INPUT DATA -
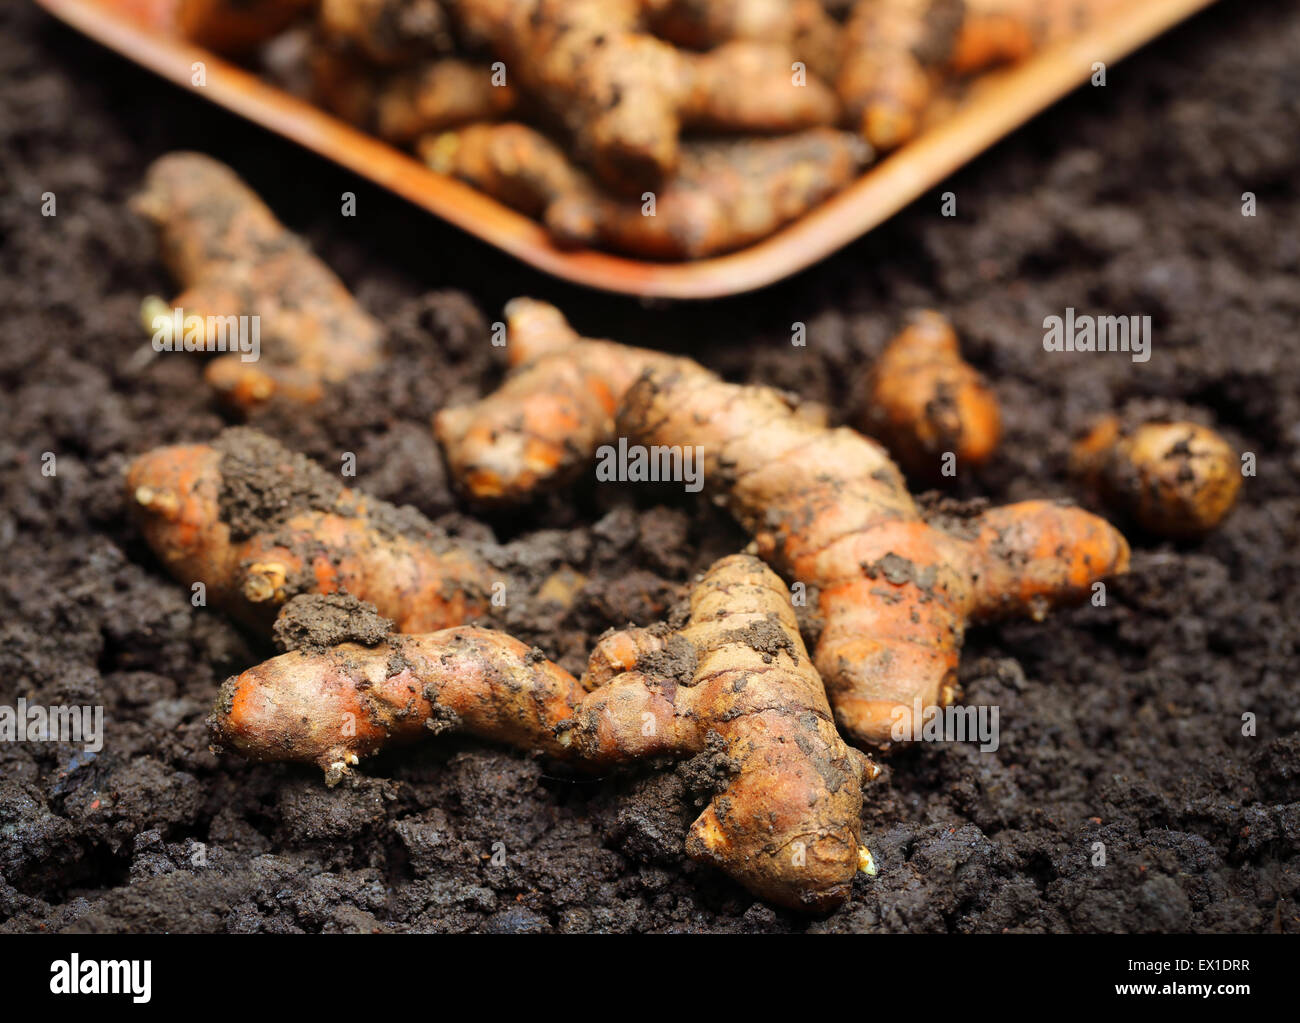 Newly harvested Turmeric in cultivated soil Stock Photo
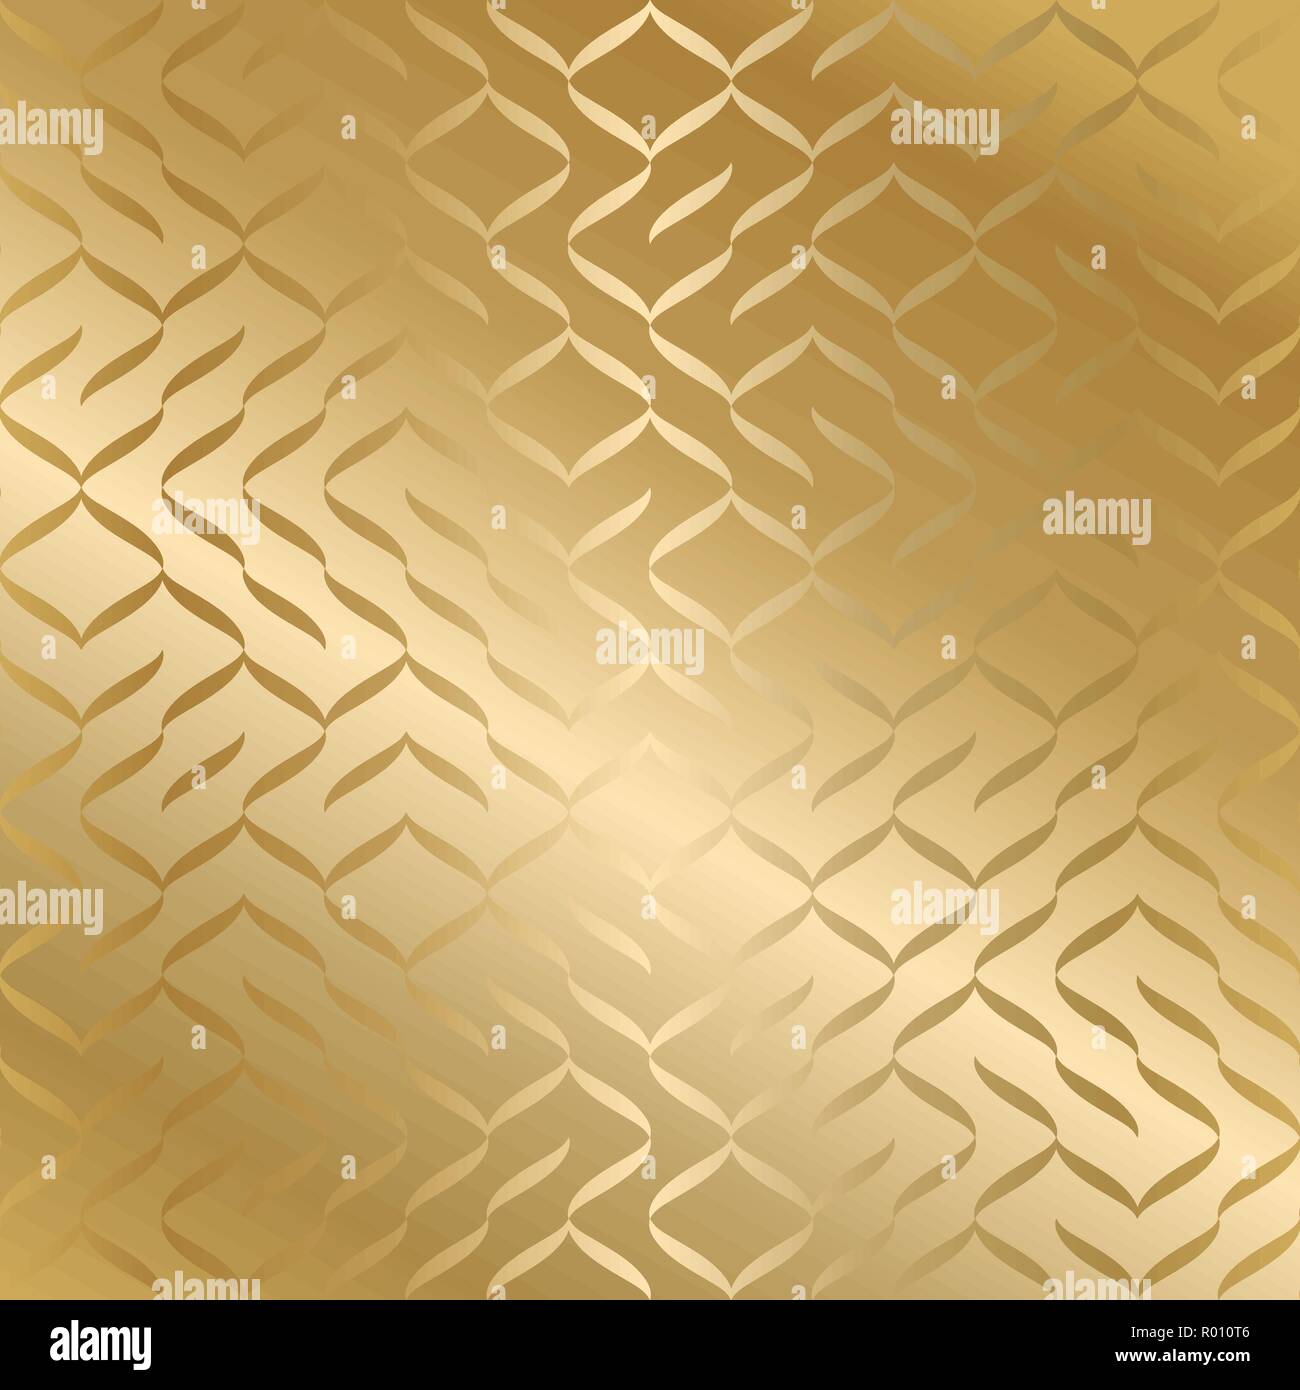 Geometric seamless golden texture. Gold wrapping paper pattern background. Simple luxury graphic print. Vector repeating line modern swatch Stock Vector
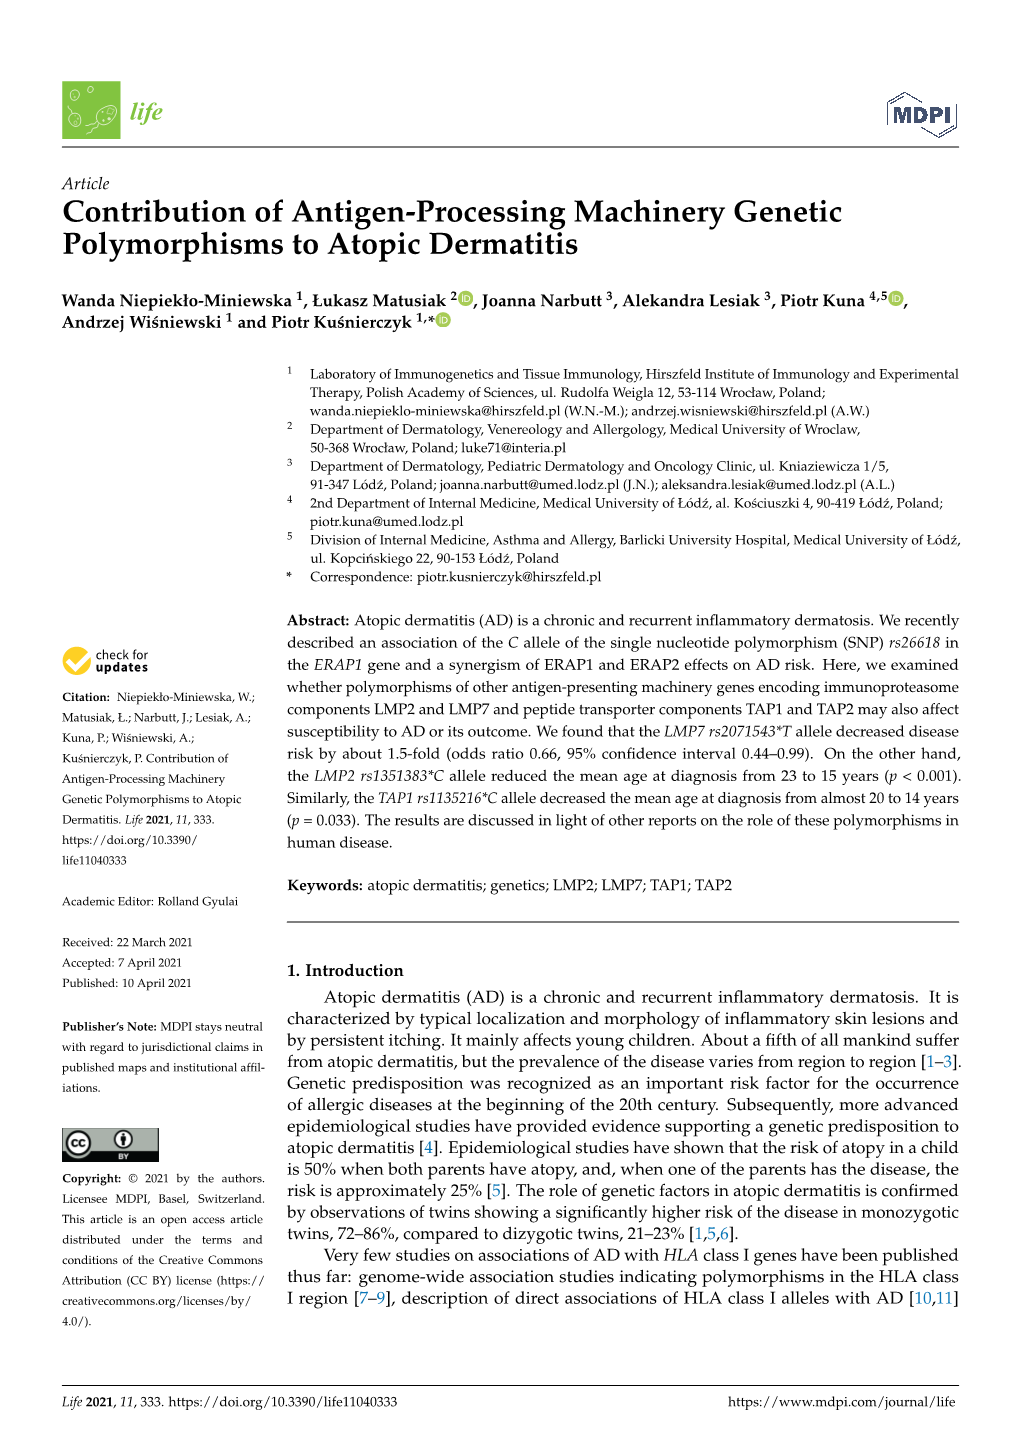 Contribution of Antigen-Processing Machinery Genetic Polymorphisms to Atopic Dermatitis
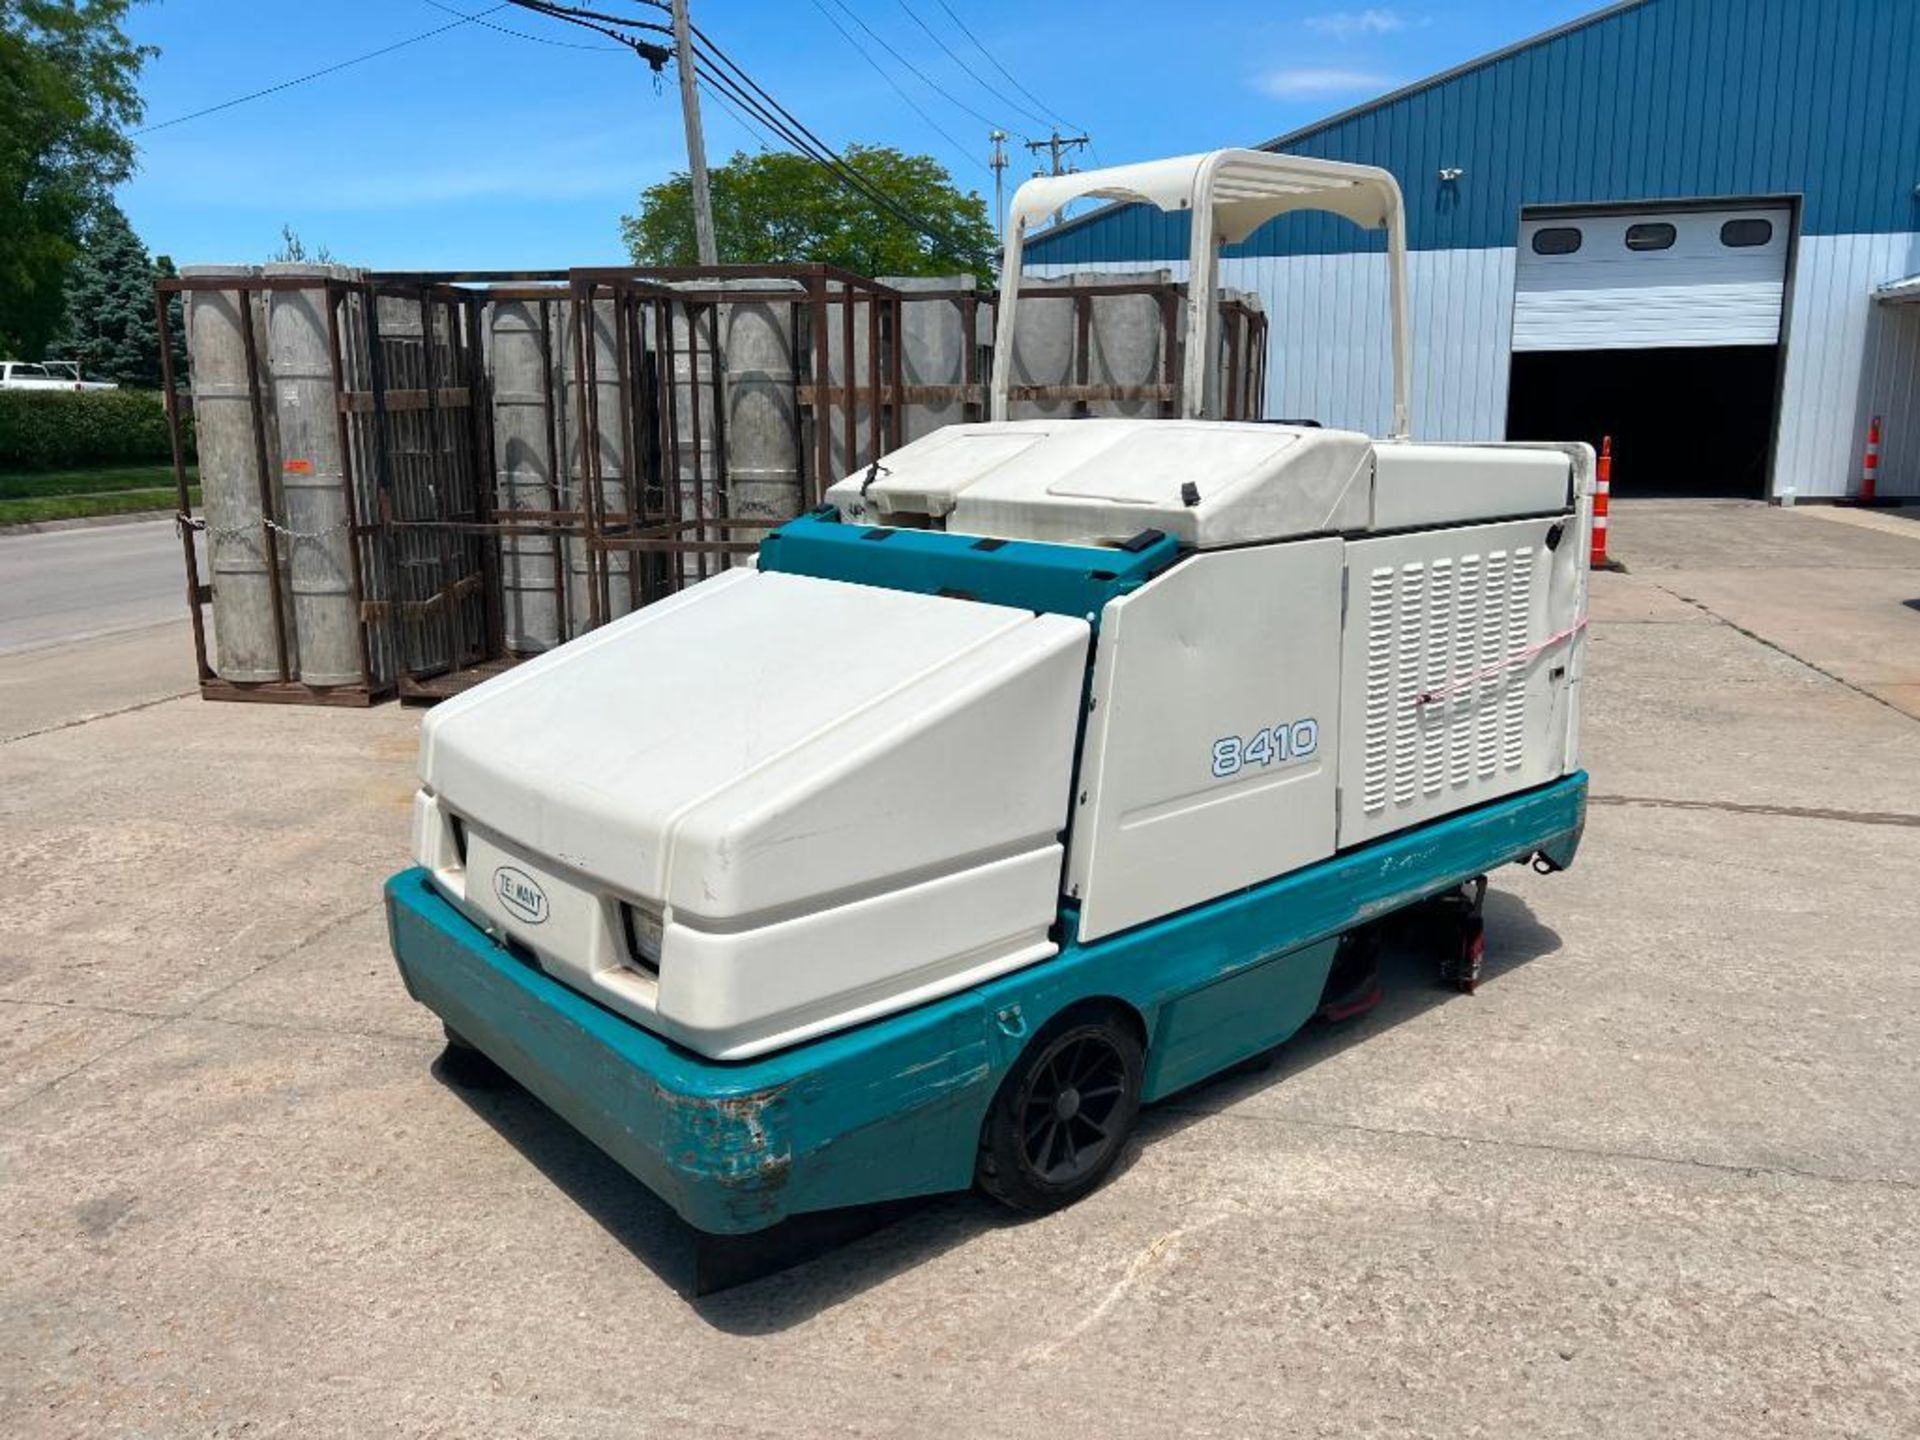 Tennant 8410 Sweeper/Scrubber. Located in Mt. Pleasant, IA - Image 4 of 27

ASSIGNMENT - Your task is to reproduce exactly the lines from the start of the data above through the line containing "Geometric seamless golden", leaving every picture out.

PROBLEM SOLUTION -
 Newly harvested Turmeric in cultivated soil Stock Photo
 Geometric seamless golden texture. Gold wrapping paper pattern background. Simple luxury graphic print. Vector repeating line modern swatch Stock Vector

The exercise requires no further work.